Viele werden von den Behörden als „harmlose Spinner“ eingestuft, aber einige meinen es auch ernst: Bei Reichsbürgern sichergestellte Waffen nach einer Razzia in Wuppertal Foto: dpa

Sie erkennen die Bundesrepublik nicht an und wehren sich sogar gegen den Austausch von Stromzählern: Sogenannte Reichsbürger machen in Baden-Württemberg zunehmend den Behörden zu schaffen.

Stuttgart - Die Reichsbürger-Szene in Baden-Württemberg ist größer und gefährlicher als bislang angenommen. Laut einer neuen Analyse des Verfassungsschutzes, die den „Stuttgarter Nachrichten“ vorliegt, werden nun 3200 Personen der Szene zugerechnet. Das sind 200 mehr als noch vor wenigen Monaten.
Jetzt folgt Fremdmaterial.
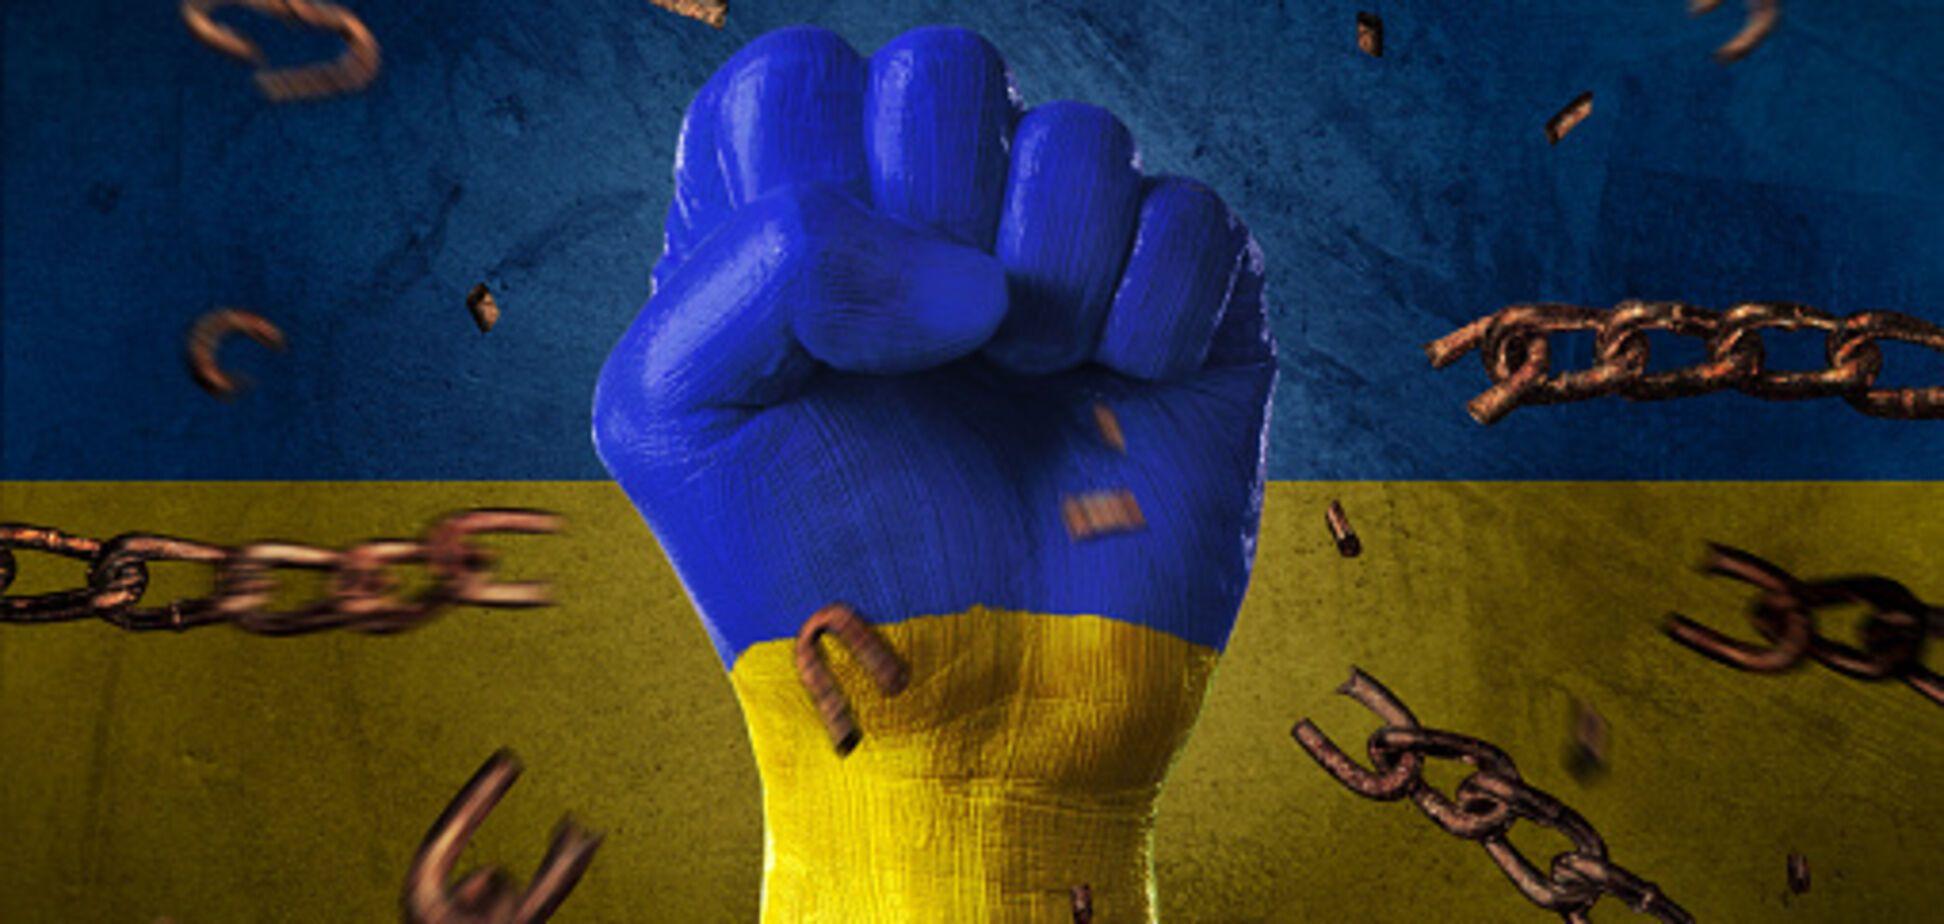 Украинцам пора зарубить на носу: никому, кроме себя самих, мы больше не нужны

Der Anteil der Rechtsextremisten wurde aufgrund von Nachermittlungen ebenfalls nach oben korrigiert: Ging man im zweiten Quartal 2018 noch von 30 Rechtsextremisten aus (1 Prozent), so sind es nun 75 (2,3 Prozent).

Weniger Straftaten

Die Zahl der von Reichsbürgern begangenen Straftaten ist dieses Jahr allerdings deutlich gesunken: 22 Straftaten registrierte man bis September, im Vergleichszeitraum des Vorjahres waren es noch 48. Oft handelt es sich dabei um Widerstandshandlungen: Bei der Zwangsräumung einer Wohnung im Schwarzwald Ende August wurden zum Beispiel drei Polizisten leicht verletzt. Ähnliches geschah im Juli in Erlenbach bei Heilbronn. Dort wehrten sich mehrere Reichsbürger gegen den Austausch eines Stromzählers. 8 der bislang 22 Straftaten in diesem Jahr hatten laut Polizei einen rechtsextremistischen Hintergrund, die anderen konnten nicht zugeordnet werden.

Innenminister warnt

Baden-Württembergs Innenminister Thomas Strobl (CDU) warnt davor, die Reichsbürger zu unterschätzen und als harmlose Spinner abzutun: „Wir haben es bei den ‚Reichsbürgern‘ und ‚Selbstverwaltern‘ mit Personen und Gruppierungen zu tun, die eines gemeinsam haben: Sie leugnen die Existenz der Bundesrepublik Deutschland und unseren Rechtsstaat.“ Es sei von einer erhöhten Gewaltbereitschaft vieler ‚Reichsbürger‘ und ‚Selbstverwalter‘ auszugehen. „Deshalb müssen wir zu jedem Zeitpunkt wissen, mit wem wir es zu tun haben und beobachten die Szenen in Baden-Württemberg ganz genau.“

In Stuttgart sind alle Reichsbürger entwaffnet

Laut Verfassungsschutz hatten rund 300 Reichsbürger im Land einen Waffenschein. Wie viele davon durch die Kommunen auf Anweisgung des Innenministeriums inzwischen entzogen wurden, ist noch unklar. Stand Februar wurden 50 Reichsbürger landesweit entwaffnet, die nächste landesweite Zählung soll erst wieder nächstes Jahr erfolgen. In Stuttgart, wo es nach Angaben der Polizei rund 100 Reichsbürger gibt, gab es laut Ordnungsamt fünf bewaffnete Reichsbürger. Allen habe man inzwischen den Waffenschein entzogen, wogegen sich die Betroffenen allesamt vor dem Verwaltungsgericht wehrten. Drei dieser Gerichtsverfahren laufen noch.

Meistens ältere Männer

Der Verfassungsschutz kann inzwischen auch grobe Aussagen über die Szene der Reichsbürger im Land machen. Laut der Analyse sind 76 Prozent der ermittelten Personen älter als 40 Jahre. 55 Prozent sind sogar über 50. Die meisten Reichsbürger (73,5 Prozent) sind männlich, allerdings ist der Frauenanteil durchaus beachtlich: Mit 26,5 Prozent liege er deutlich höher als bei den Rechtsextremisten (20,4 Prozent)

Die Reichsbürger werden seit der Tötung eines bayrischen Polizisten im Oktober 2016 vom Verfassungsschutz beobachtet. Damals schätzte man in Baden-Württemberg die Zahl der Reichsbürger noch auf 650.